A little bit of disclaimer here before we start digging in a little more: I can barely scratch the surface of how solvers work. I just happen to know that it was a tool available to us, and it happened to model the problem we needed to solve very well. This is meant as an introduction to using one specific solver as a way to model and solve a problem.

An example

Let’s say at the last minute, the Soup Nazi is out to make the biggest batch of soup he possibly can. For his recipe he needs a ratio of:

  • 40% chicken
  • 12% carrots
  • 8% thyme
  • 15% onions
  • 15% noodles
  • 5% garlic
  • 5% parsley

All of the stores around him only keep limited amounts in stock. He calls around to all the stores just to see what the have in stock and puts together each store’s inventory:

Ingredients in stock (lbs)

Elaine’s George’s Jerry’s Newman’s
Chicken 5 6 2 3
Carrots 1 8 5 2
Thyme 3 19 16 6
Onions 6 12 10 4
Noodles 5 0 3 9
Garlic 2 1 1 0
Parsley 3 6 2 1

Also, the quality of the bags at all of the stores vary, limiting the total number pounds of food the Soup Nazi can carry back. (We’re also assuming he only wants to make at most one visit to each store.)

Pound of food limits

Elaine’s 12
George’s 8
Jerry’s 15
Newman’s 17

With the optimizer, the function that we are trying to minimize or maximize is called the objective function. In this example, we are trying to maximize the number of pounds of ingredients he can buy because that will result in the most soup. If we say that,


a1 = pounds of chicken purchased from Elaine’s
a2 = pounds of carrots purchased from Elaine’s
a3 = pounds of thyme purchased from Elaine’s

a7 = pounds of parsley purchased from Elaine’s
b1 = pounds of chicken purchased from George’s

c1 = pounds of chicken purchased from Jerry’s

d1 = pounds of chicken purchased from Newman’s

We’re looking to maximize,

a1 + a2 + a3 … + b1 + … + d7 = total pounds

We then have to throw in all of the constraints to our problem. First to make sure the Soup Nazi gets the ratio of ingredients he needs:

.40 * total pounds = a1 + b1 + c1 + d1
.12 * total pounds = a2 + b2 + c2 + d2
.08 * total pounds = a3 + b3 + c3 + d3
.15 * total pounds = a4 + b4 + c4 + d4
.15 * total pounds = a5 + b5 + c5 + d5
.05 * total pounds = a6 + b6 + c6 + d6
.05 * total pounds = a7 + b7 + c7 + d7

Then to make sure that the Soup Nazi doesn’t buy more pounds of food from one store than he can carry back:

a1 + a2 + … + a7 <= 12
b1 + b2 + … + b7 <= 8
c1 + c2 + … + c7 <= 15
d1 + d2 + … + d7 <= 17

We then have to put bounds on all of our variables to say that we can’t take more pounds of any ingredient than any store has in stock.

0 <= a1 <= 5
0 <= a2 <= 1
0 <= a3 <= 3
0 <= a4 <= 6

0 <= d7 <= 1

That expresses all of the constraints and bounds to our problem and the optimizer works to maximize or minimize the objective function subject to those bounds and constraints. The optimization package we’re using in this example, python’s scipy.optimize, provides a very expressive interface for specifying all of those bounds and constraints.

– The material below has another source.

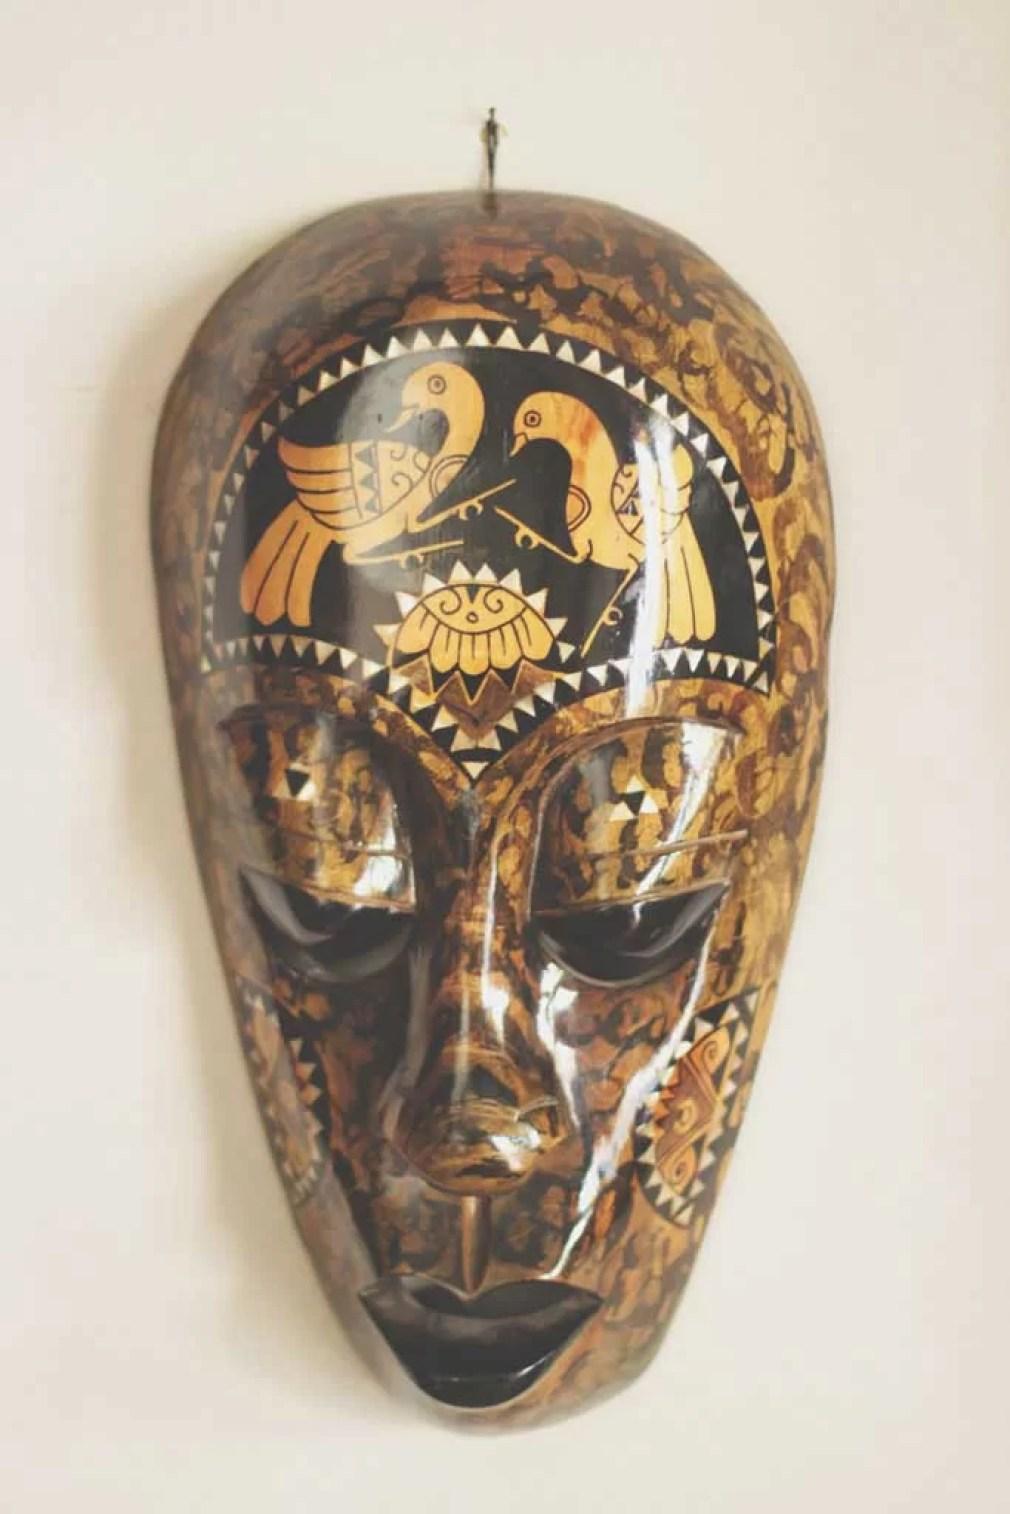 Máscara africana para decoração de ambientes

Translating the problem into code

If you want to jump right in, the full code sample can be found here. However, there are still a few more things to note:

  • Get numpy and scipy installed.

  • The variables we’re solving for are put into a single list. That means, x = [a1, a2, … , a7, b1, b2 … d7]. With python, it’s helpful to know that we can pull the pounds of food for a particular ingredient out of x,  i.e, [a1, b1, c1, d1] with

    x[ingredient_index :: num_of_ingredients]

    Likewise, we can pull out the ingredients for a given store with

    x[store_index * num_of_ingredients : store_index * num_of_ingredients + num_of_ingredients]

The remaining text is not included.